Mme Nicole Bricq. C’est la nation qui paie !

Mme Annie David. Il s’agit donc d’un transfert de responsabilités : les entreprises se déresponsabilisent complètement de la politique sociale de ce pays, ce qui va tout à fait à l’encontre des fondements mêmes de notre protection sociale, telle qu’elle a été créée il y a soixante-dix ans. On a pourtant entendu des mots très forts à l’occasion de cet anniversaire...

Je vous rappelle que la sécurité sociale, à sa création, reposait sur le travail et les cotisations sociales. Les entreprises et les salariés contribuaient à la protection sociale grâce à ce salaire différé. C’est cela, la base de la protection sociale : on cotise selon ses moyens et l’on reçoit selon ses besoins.

Aujourd’hui, vous fichez tout cela par terre en transférant la responsabilité de l’une des deux parties. Car les salariés, pour leur part, continuent à contribuer par leurs cotisations sociales, non pas au financement des allocations familiales, certes, mais à celui de notre protection sociale. Ce sont les entreprises qui en sont dédouanées !

On est loin de la fameuse responsabilité sociale des entreprises, la RSE. On se demande d’ailleurs si elle a jamais existé... Je pense, pour ma part, qu’elle ne verra jamais le jour, en tout cas pas telle que nous la concevons.

Vous nous dites, monsieur le secrétaire d’État, qu’il n’y a pas de pertes pour la protection sociale... Je veux bien vous entendre, mais il n’empêche que le CICE constitue un transfert de responsabilité des entreprises, qui se dédouanent complètement de ce qui se passe dans leurs murs.
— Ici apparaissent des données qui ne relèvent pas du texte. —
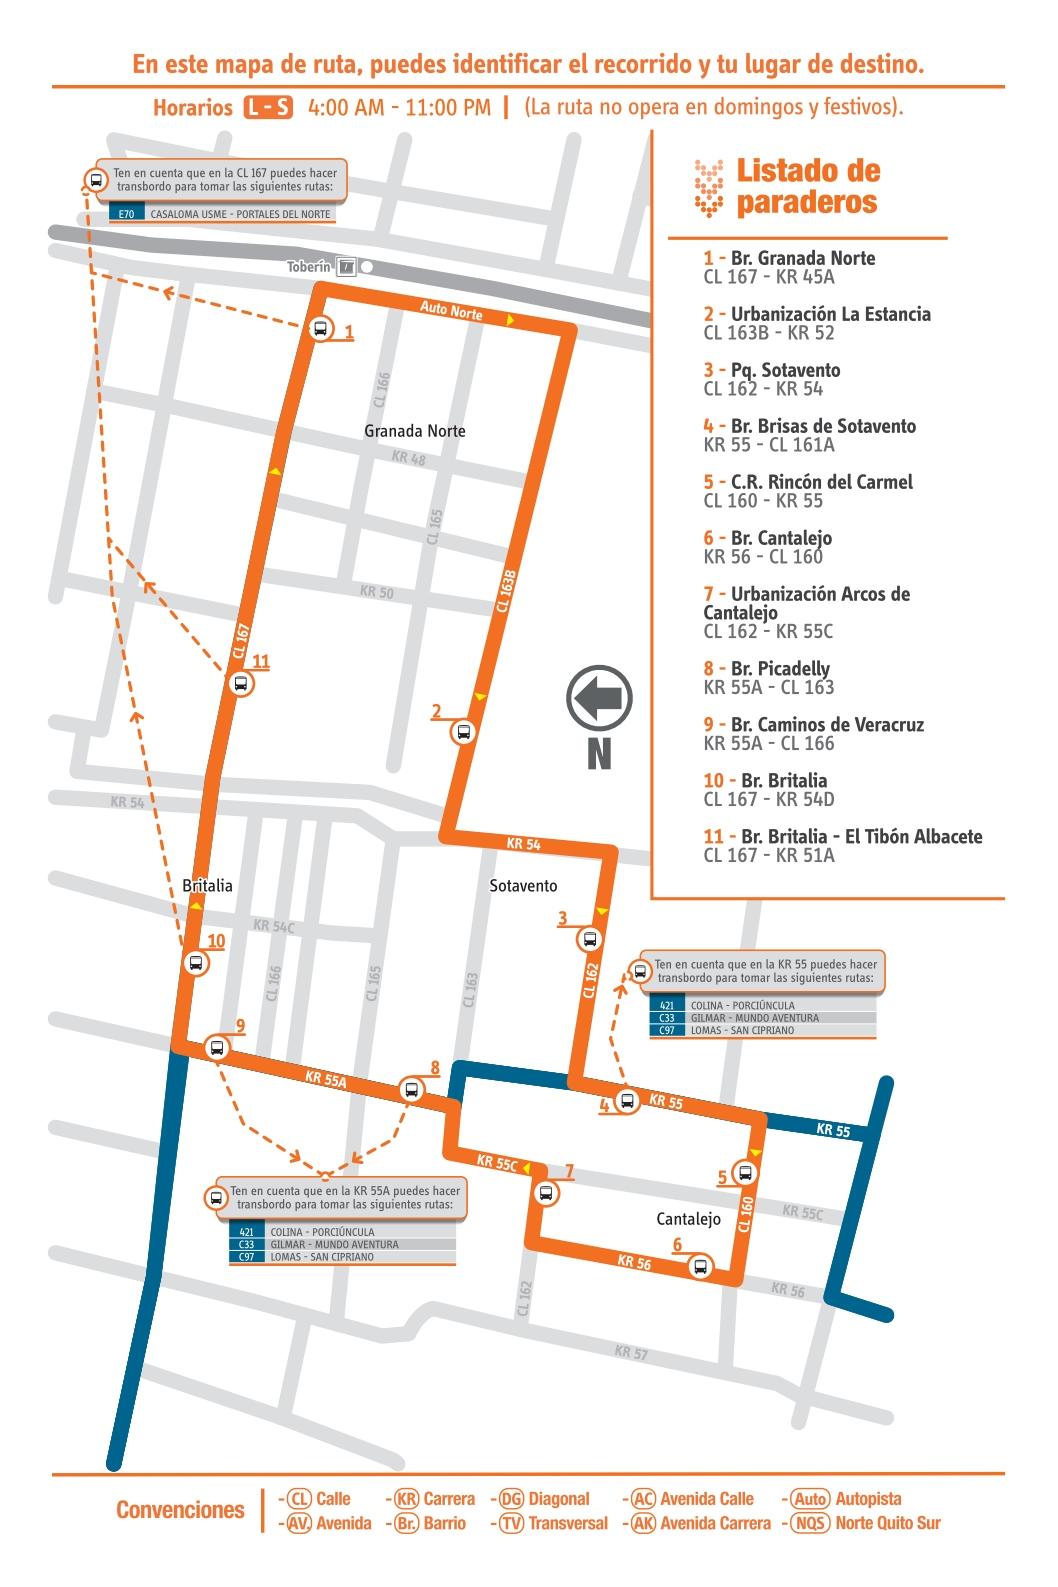 Ruta SITP: 19-12 Cantalejo [Complementaria]

Nous verrons dans quelques heures, lorsque nous examinerons le budget de la branche AT-MP, ce qu’il en sera, là encore, de la responsabilité des entreprises.

Mme la présidente. La parole est à M. Jean-Marc Gabouty, pour explication de vote.

M. Jean-Marc Gabouty. Nous abordons, au travers de ces amendements, des sujets de fond.

Comme vous, monsieur Joyandet, plutôt qu’au CICE, ma préférence allait à la TVA compétitivité, dite aussi « anti-délocalisation », parce qu’il s’agissait d’une réforme structurelle et qu’elle avait, de ce fait, un caractère nettement plus durable.

Le CICE est plus fragile puisqu’il a une composante conjoncturelle, dans la mesure où il s’agit d’un crédit d’impôt. Néanmoins, ce dispositif marche, y compris dans les PME : dès la première quinzaine de janvier, une entreprise peut toucher la totalité de son CICE par l’intermédiaire de sa banque ou de la Banque publique d’investissement. La somme est alors débloquée dans un délai de quinze jours à trois semaines – j’en parle d’expérience.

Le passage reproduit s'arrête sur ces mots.